Stored dataset items
○ ○ ○ ○

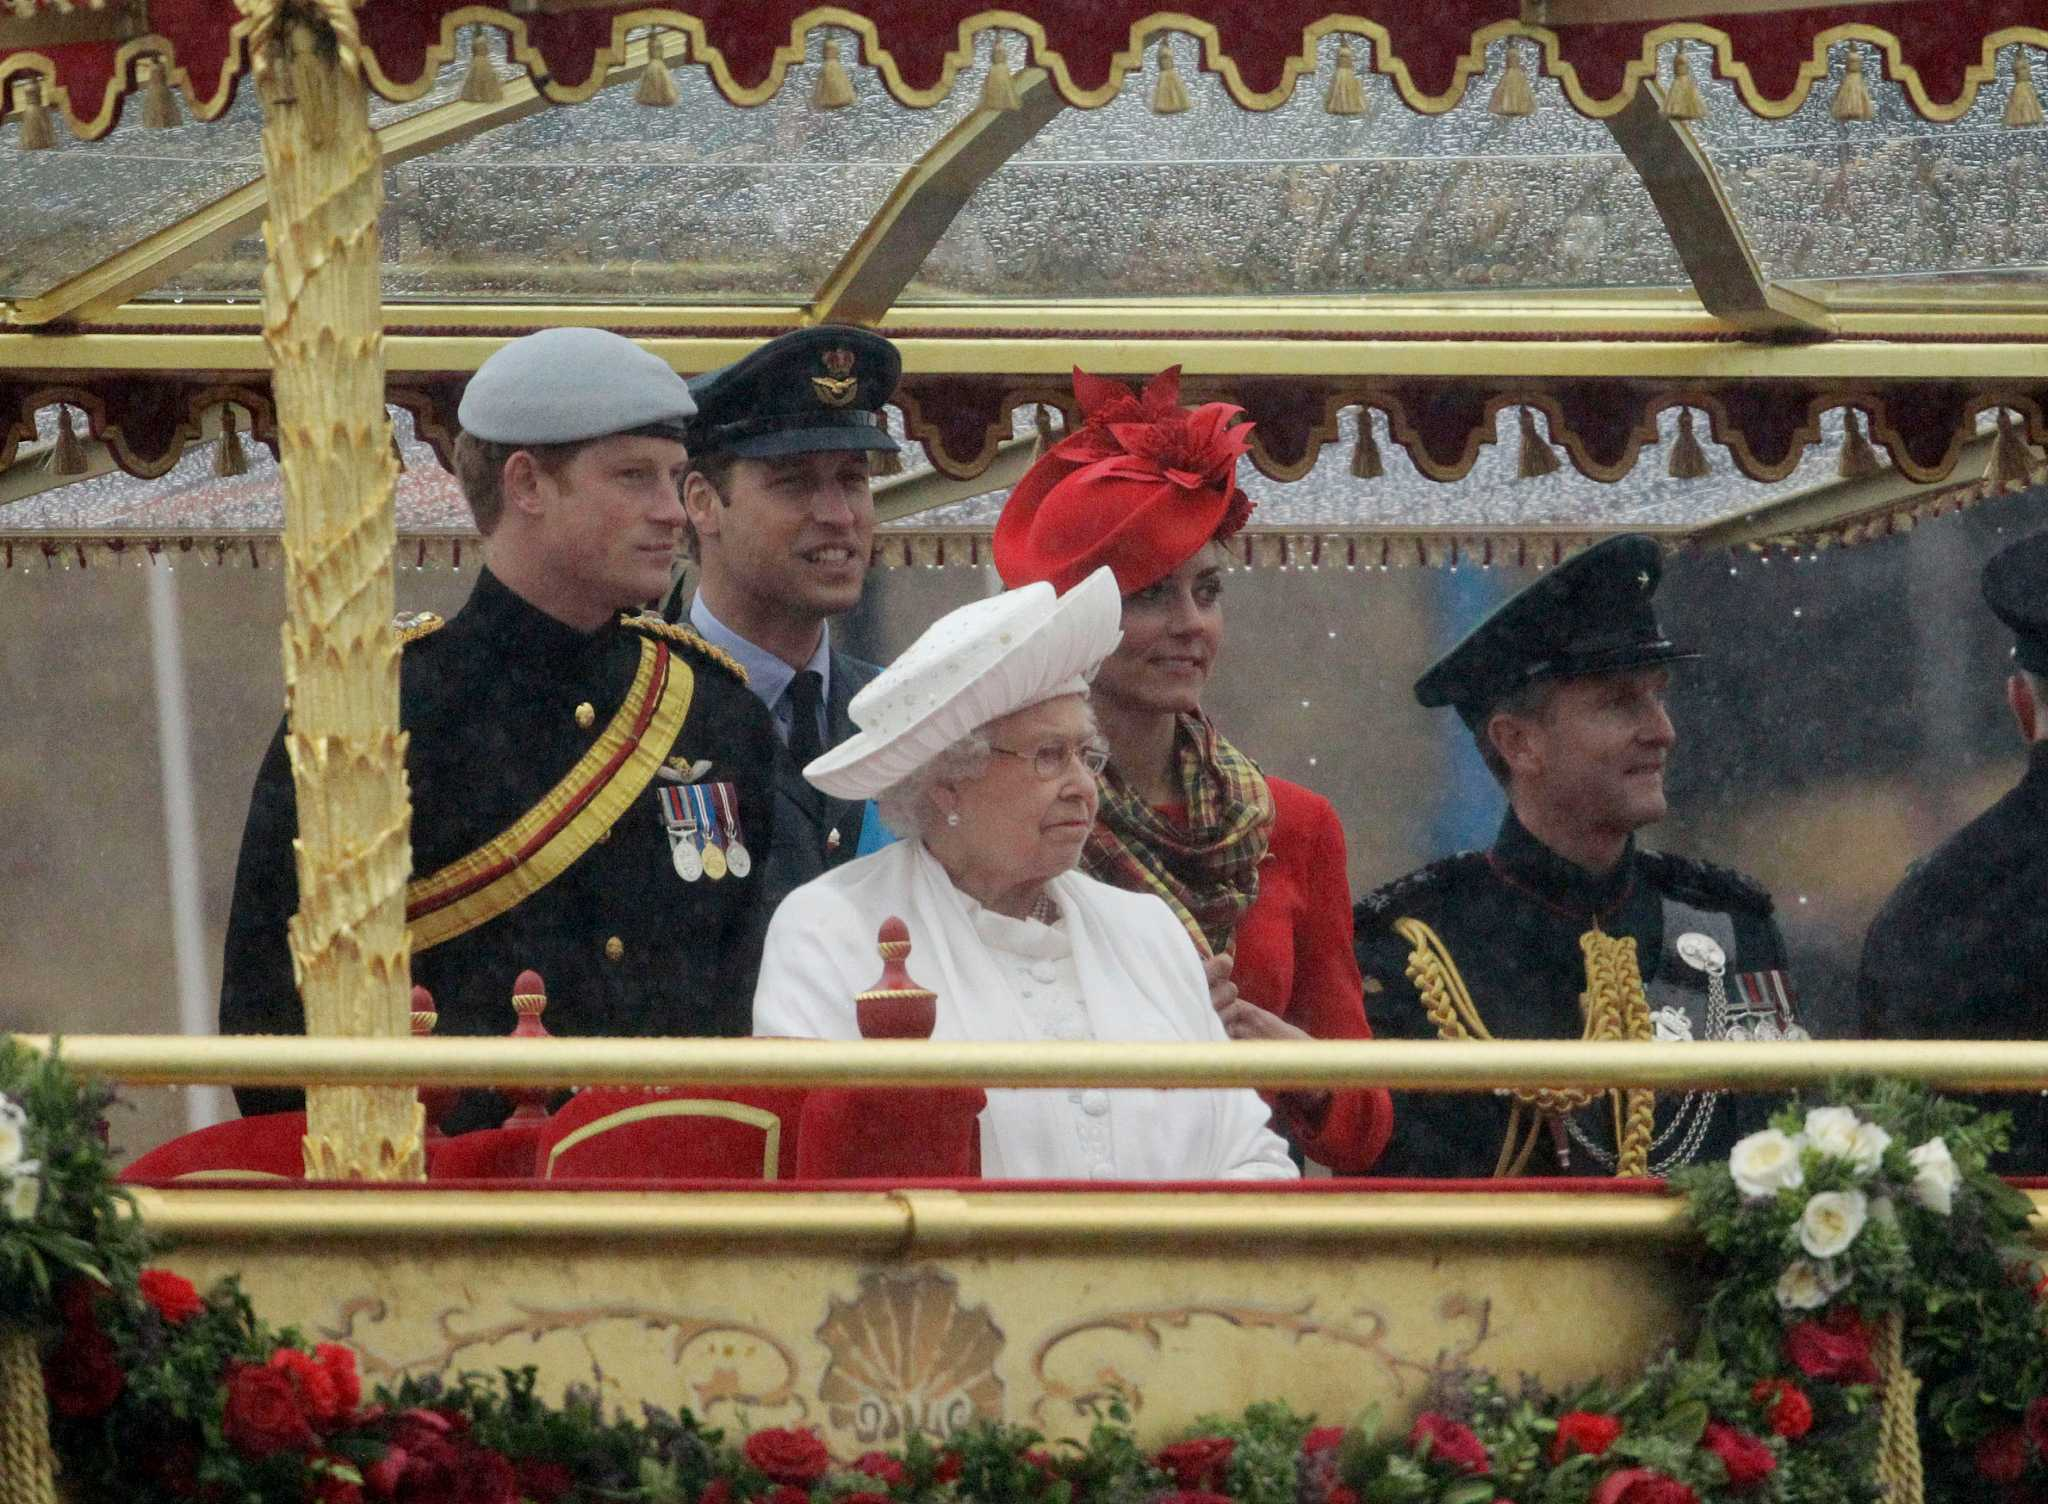 Flotilla Salutes Diamond Jubilee For Queen Elizabeth Ii
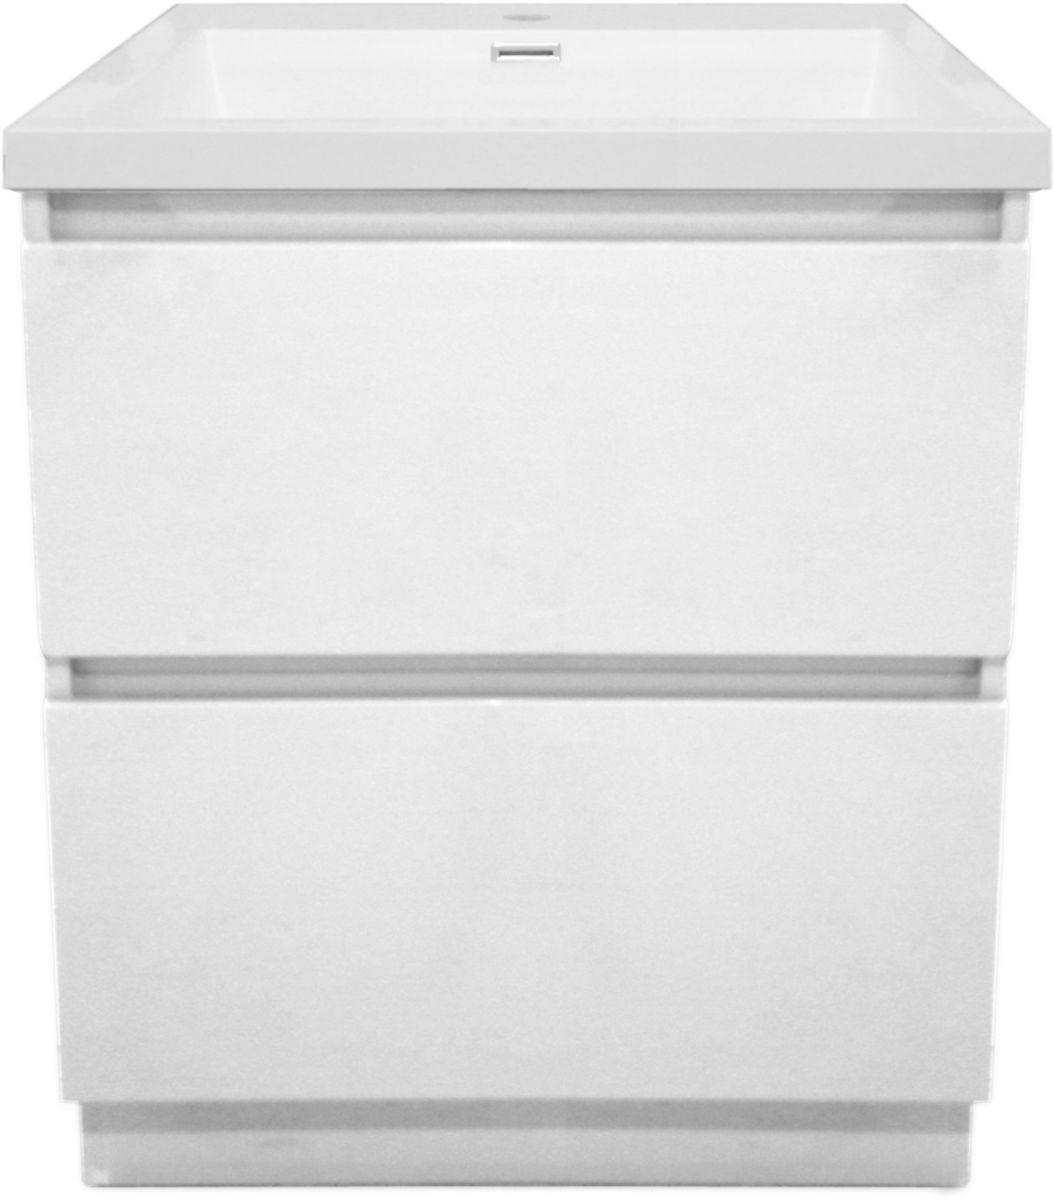 Meuble Primeo 60 cm au sol 2 tiroirs blanc ALTERNA Sanitaire CEDEO
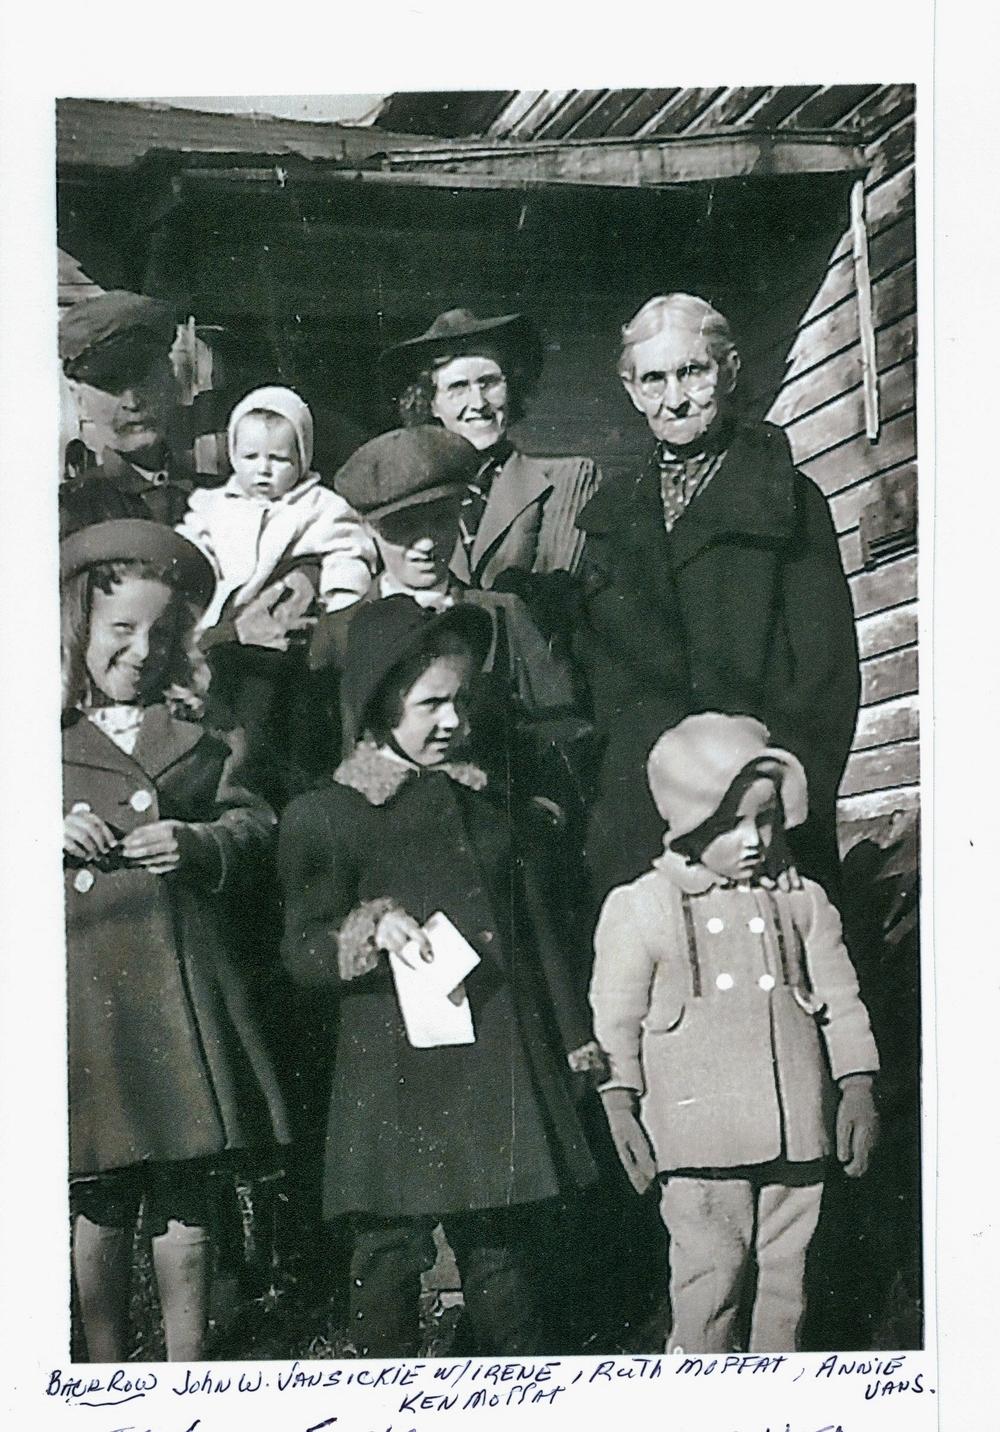 John & Annie Vansickle, Ruth & Ken Moffatt
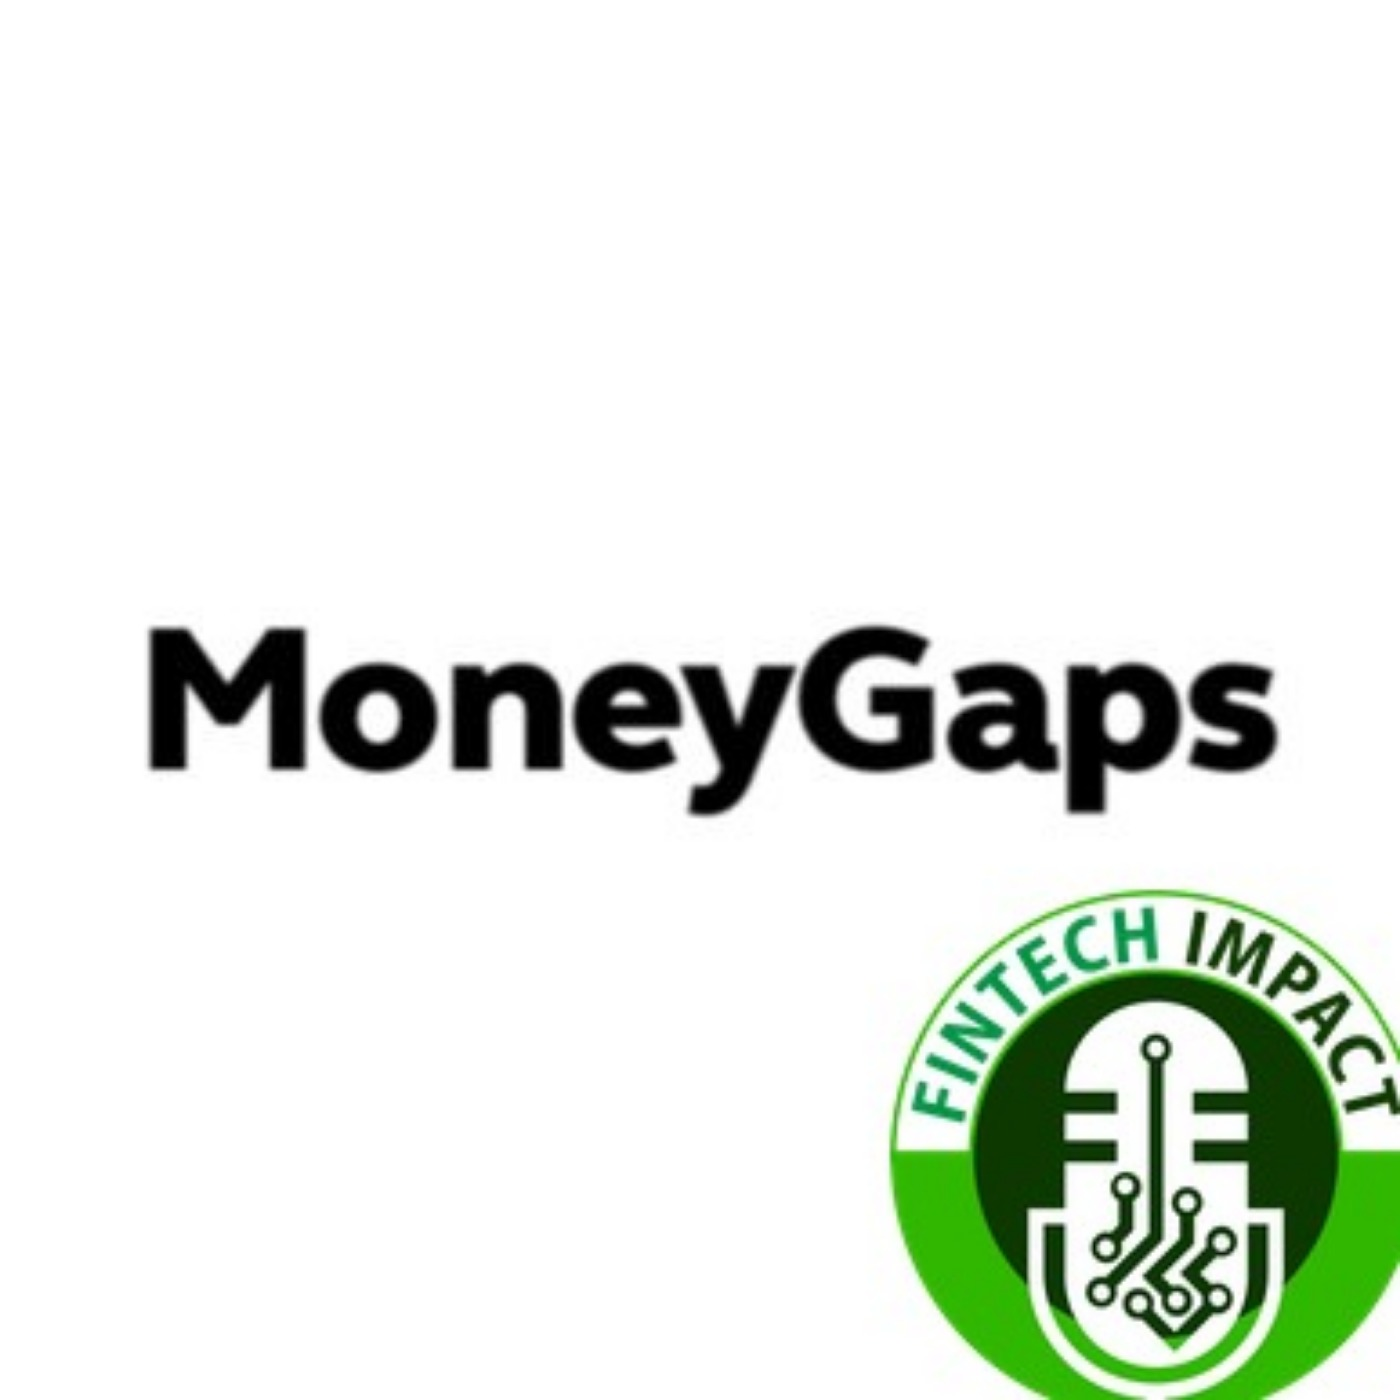 MoneyGaps with Preet Banerjee (Founder) | E77
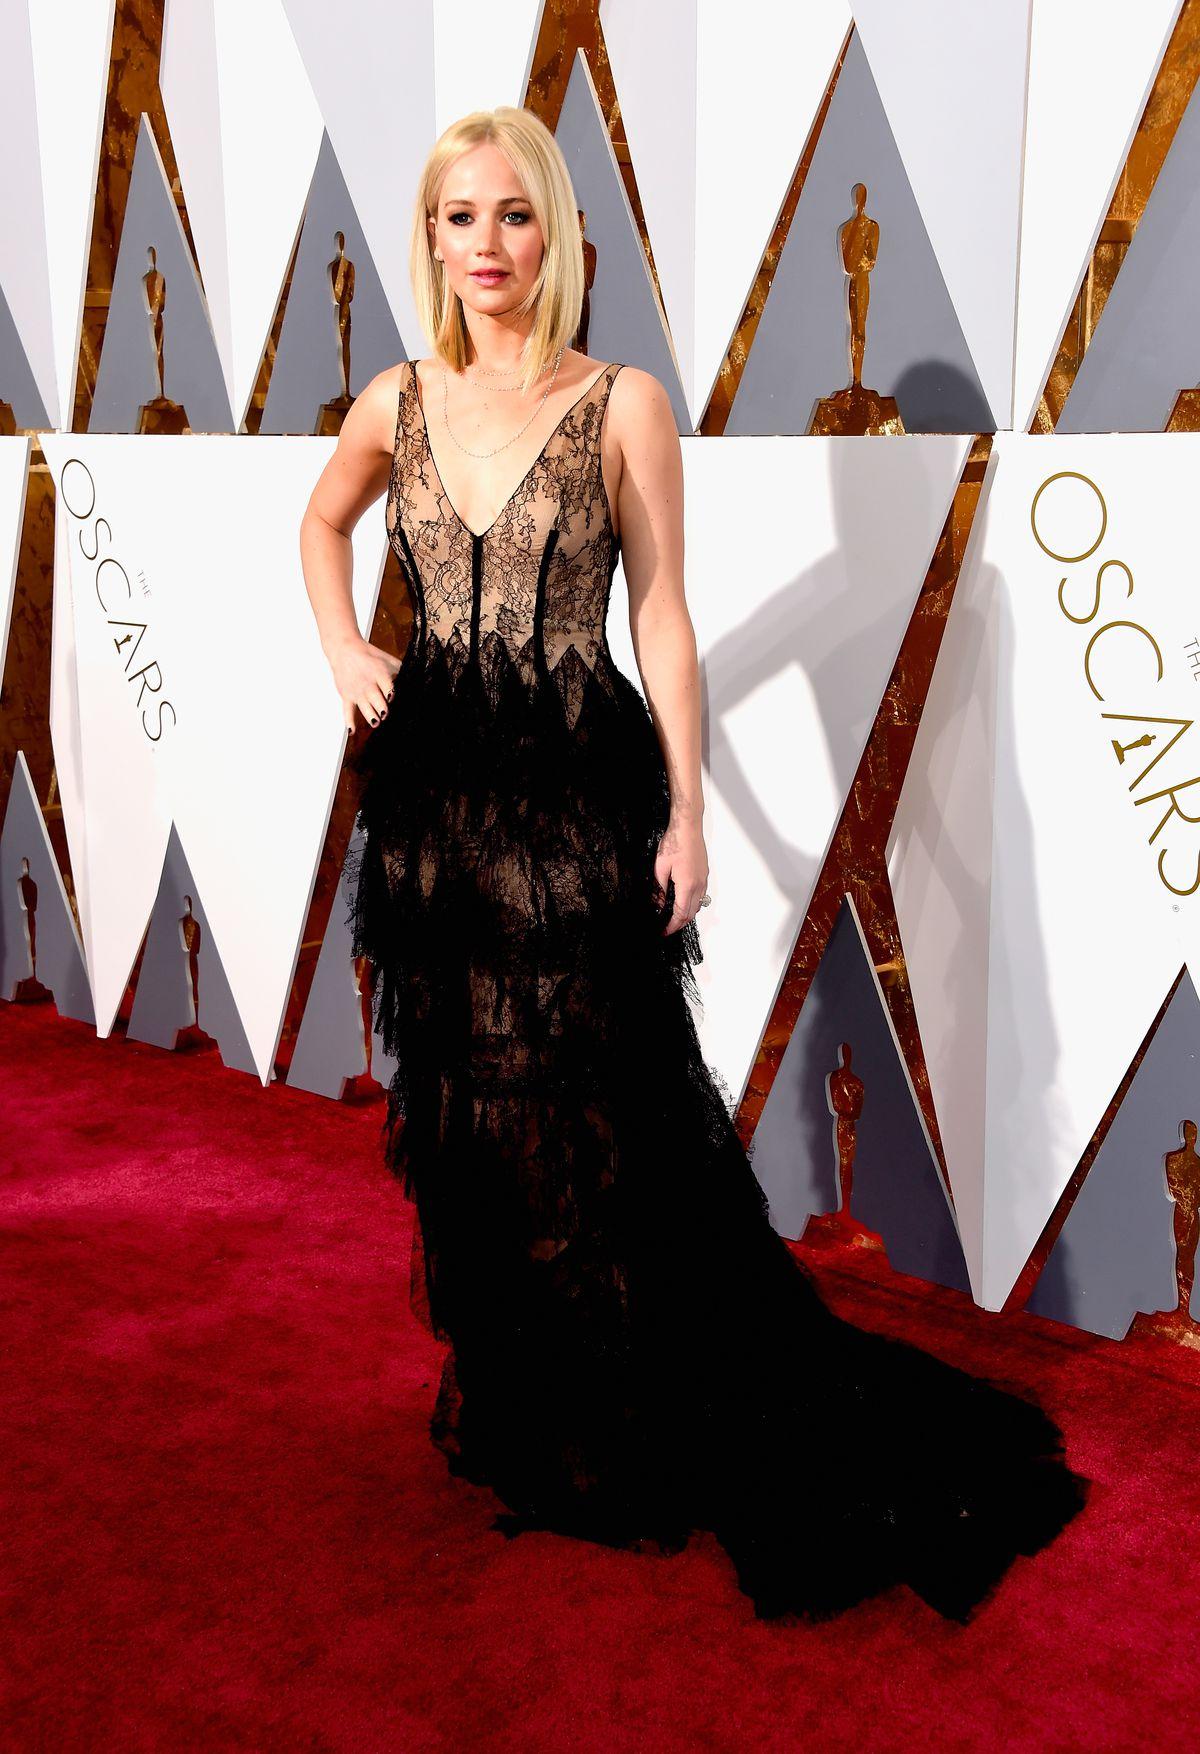 Jennifer Lawrence in custom Dior at the 2016 Oscars.

○ ○ ○ ○

WHAT IS BEING ASKED:
Repeat each entry precisely as it appears. Leave the pictures out.

THE COMPLETED TASK:
 Flotilla Salutes Diamond Jubilee For Queen Elizabeth Ii
 Meuble Primeo 60 cm au sol 2 tiroirs blanc ALTERNA Sanitaire CEDEO
 John & Annie Vansickle, Ruth & Ken Moffatt
 MoneyGaps with Preet Banerjee (Founder) | E77
 Jennifer Lawrence in custom Dior at the 2016 Oscars.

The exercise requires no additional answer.